Several antisemitic incidents have been reported during the protest in New York, which is now in its fifth week. In addition, the neo-conservative Emergency Committee for Israel produced a television advertisement showing protesters expressing antisemitic sentiments. The clips are interspersed with statements from leading Democrats, including President Barack Obama, expressing sympathy for the protest movement.
In Zuccotti Park, protesters were not given permission to erect tents but, on the first evening of Succot, a group of Occupy Judaism supporters gathered in a pop-up succah tent.
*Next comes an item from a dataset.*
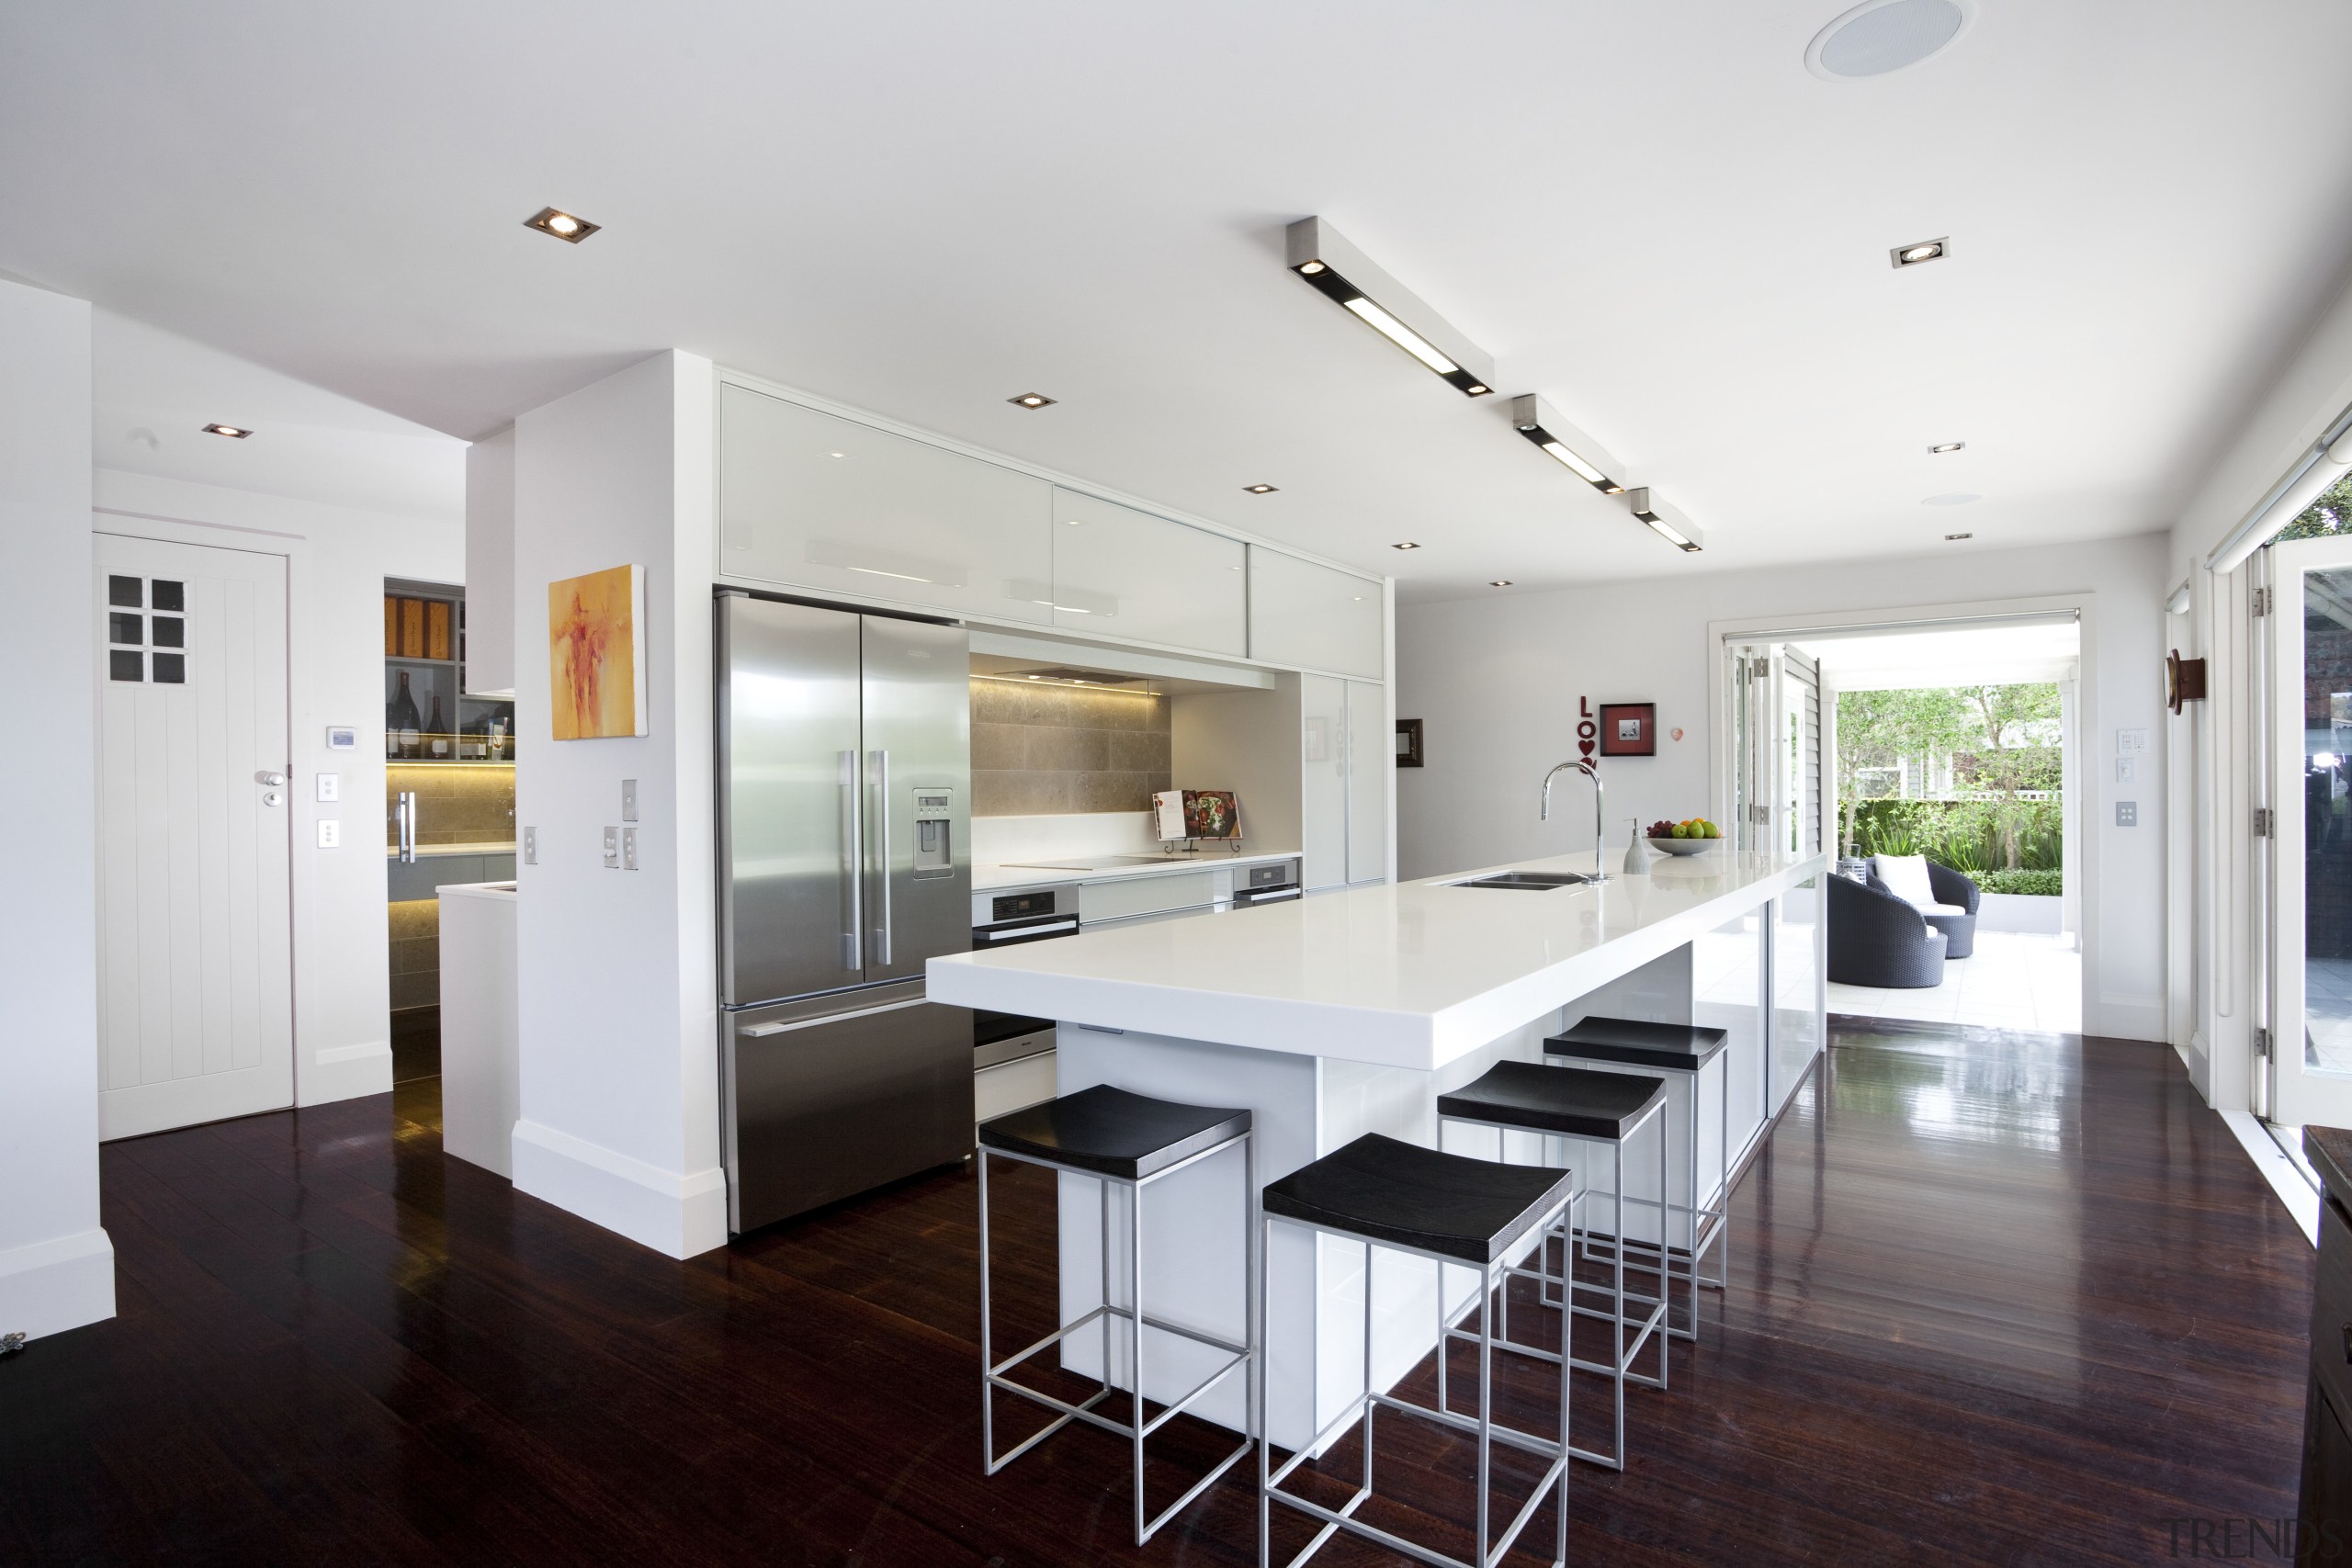 Kitchen designed by Natalie Du Bois. - Kitchen architecture, ceiling, countertop, floor, house, interior design, kitchen, property, real estate, room, white

Marjorie Dove Kent, the director of Jews for Racial and Economic Justice, said she hoped it would inspire other protesters to defy the ban.
After leading the hamotzi blessing for bread, Ms Dove Kent said there was a message that united Succot and the Occupy Wall Street protest: "Succot is a holiday where you build a fragile structure… We're here demonstrating about the fragility of the system."
She stressed that both Succot and the anti-corporate protest were about "Taking note of what we have and what we don't have and how we can lose everything in a moment."
After reading the blessings, challah and cholent were dished out to the 30-odd attendees.
Daniel Sieradsky, a 32-year-old "new media activist" and one of the initiators of Occupy Judaism, decorated the pop-up succah with a poster from Israel's tent protests.
He said: "All over the world, people are speaking up for economic and social justice. We share a heritage with the Israelis, but that's not to say we're not critical of Israeli policies towards the Palestinians."
Placards have been spotted with messages such as "Hitler's Bankers" and "Zionists control Wall St". Some supporters of Occupy Wall Street have encouraged protesters to carry signs saying "Hate not wanted here".